One mark of punctuation can make all the difference.
One program was encountering a stack overflow exception in a function that didn’t appear to be doing anything particularly stack-hungry. The following code illustrates the problem:
bool TestResults::IsEqual(TestResults& expected) { if (m_testMask != expected.m_testMask) { return false; } bool result = true; if (result && (m_testMask & AbcTestType)) { result = CompareAbc(expected); } if (result && (m_testMask & DefTestType)) { result = CompareDef(expected); } if (result && (m_testMask & GhiTestType)) { result = CompareGhi(expected); } if (result && (m_testMask & JklTestType)) { result = CompareJkl(expected); } return result; }
(In reality, the algorithm for comparing two tests results was much more complicated, but that’s irrelevant to this discussion.)
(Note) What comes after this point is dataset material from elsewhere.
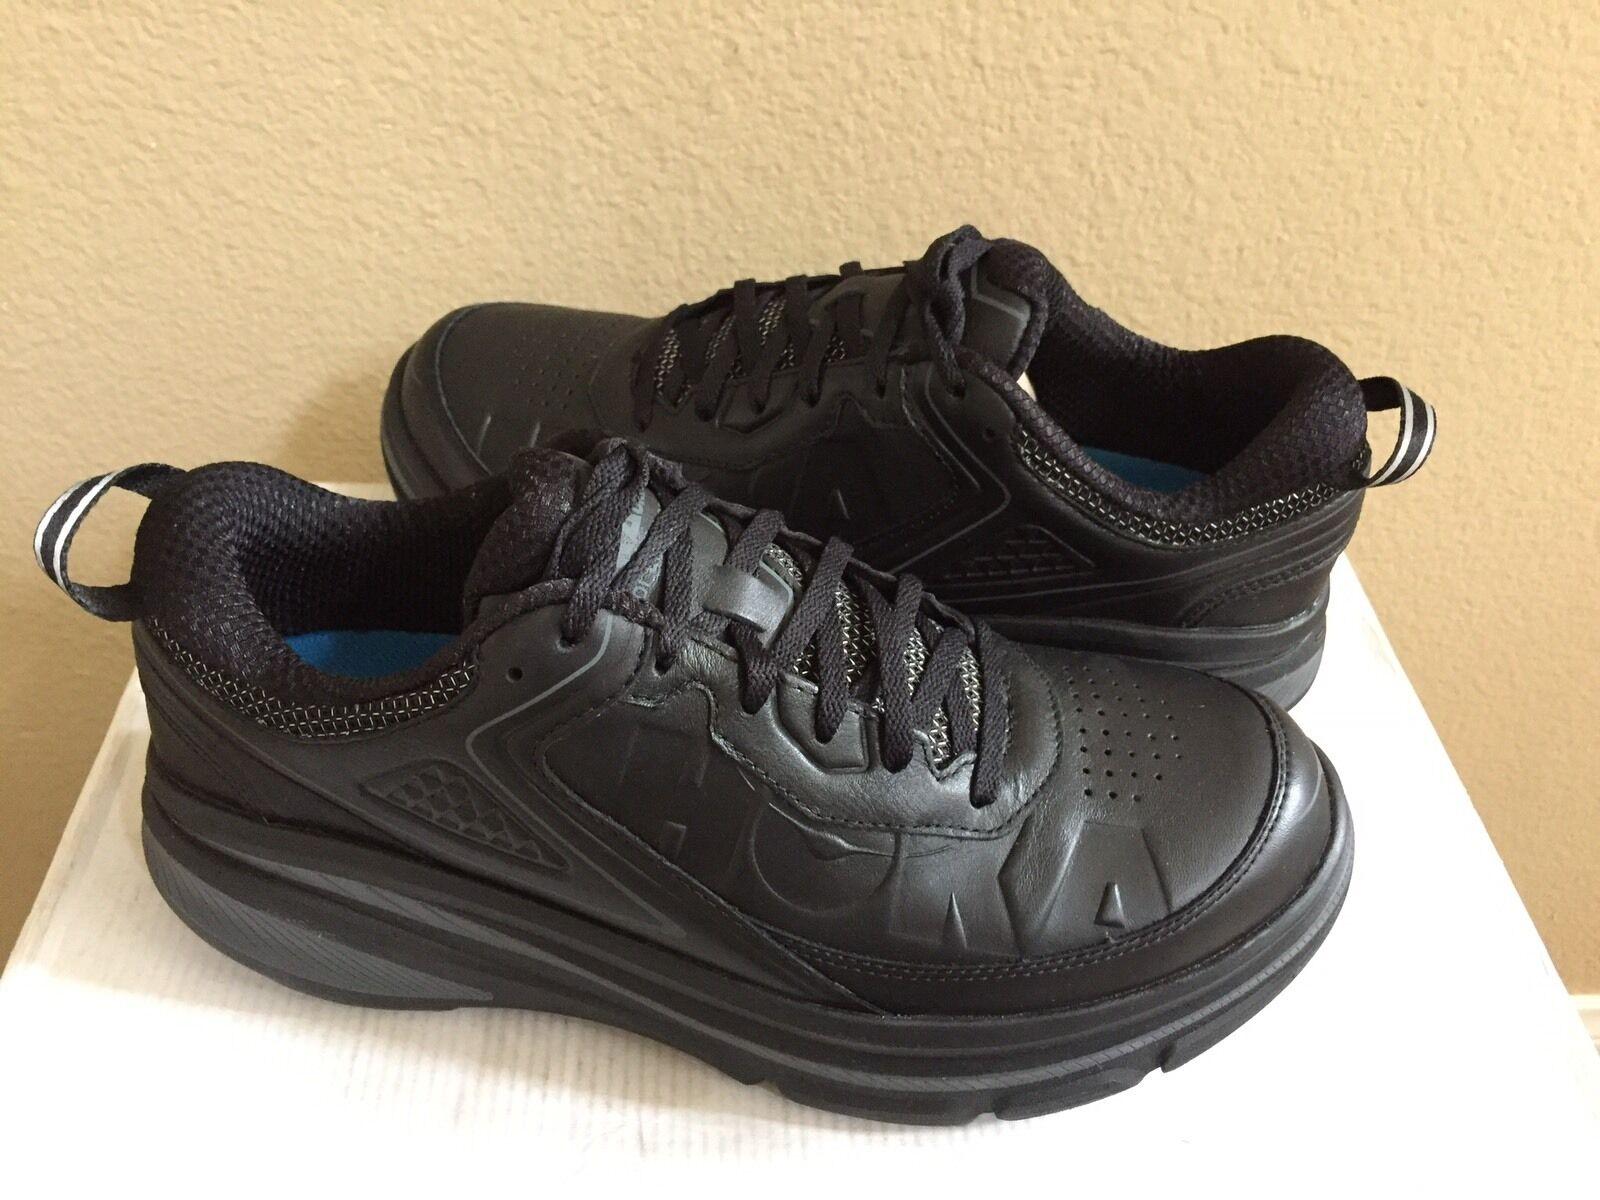 Hoka one one one one mujer Bondi Ltr Negro Running zapatos US 7 EU 38 2 3 UK 5.5  en venta en línea

And yet on entry to this function, a stack overflow was raised.
The first thing to note is that this problem occurred only on the x64 build of the test. The x86 version ran fine, or at least appeared to. It so happens that the x64 compiler aggressively inlines functions, which as it turned out was a major exacerbator of the problem.
The title of this entry probably tipped you off to what happened: The helper functions accepted the test results parameter by value not by reference:
bool TestResults::CompareAbc(TestResults expected); bool TestResults::CompareDef(TestResults expected); bool TestResults::CompareGhi(TestResults expected); bool TestResults::CompareJkl(TestResults expected);
and those comparison functions in turn called other
comparison functions, which also passed the TestResults
by value.
Since the test results were passed by value, a temporary
copy was made on the stack and passed to the comparison function.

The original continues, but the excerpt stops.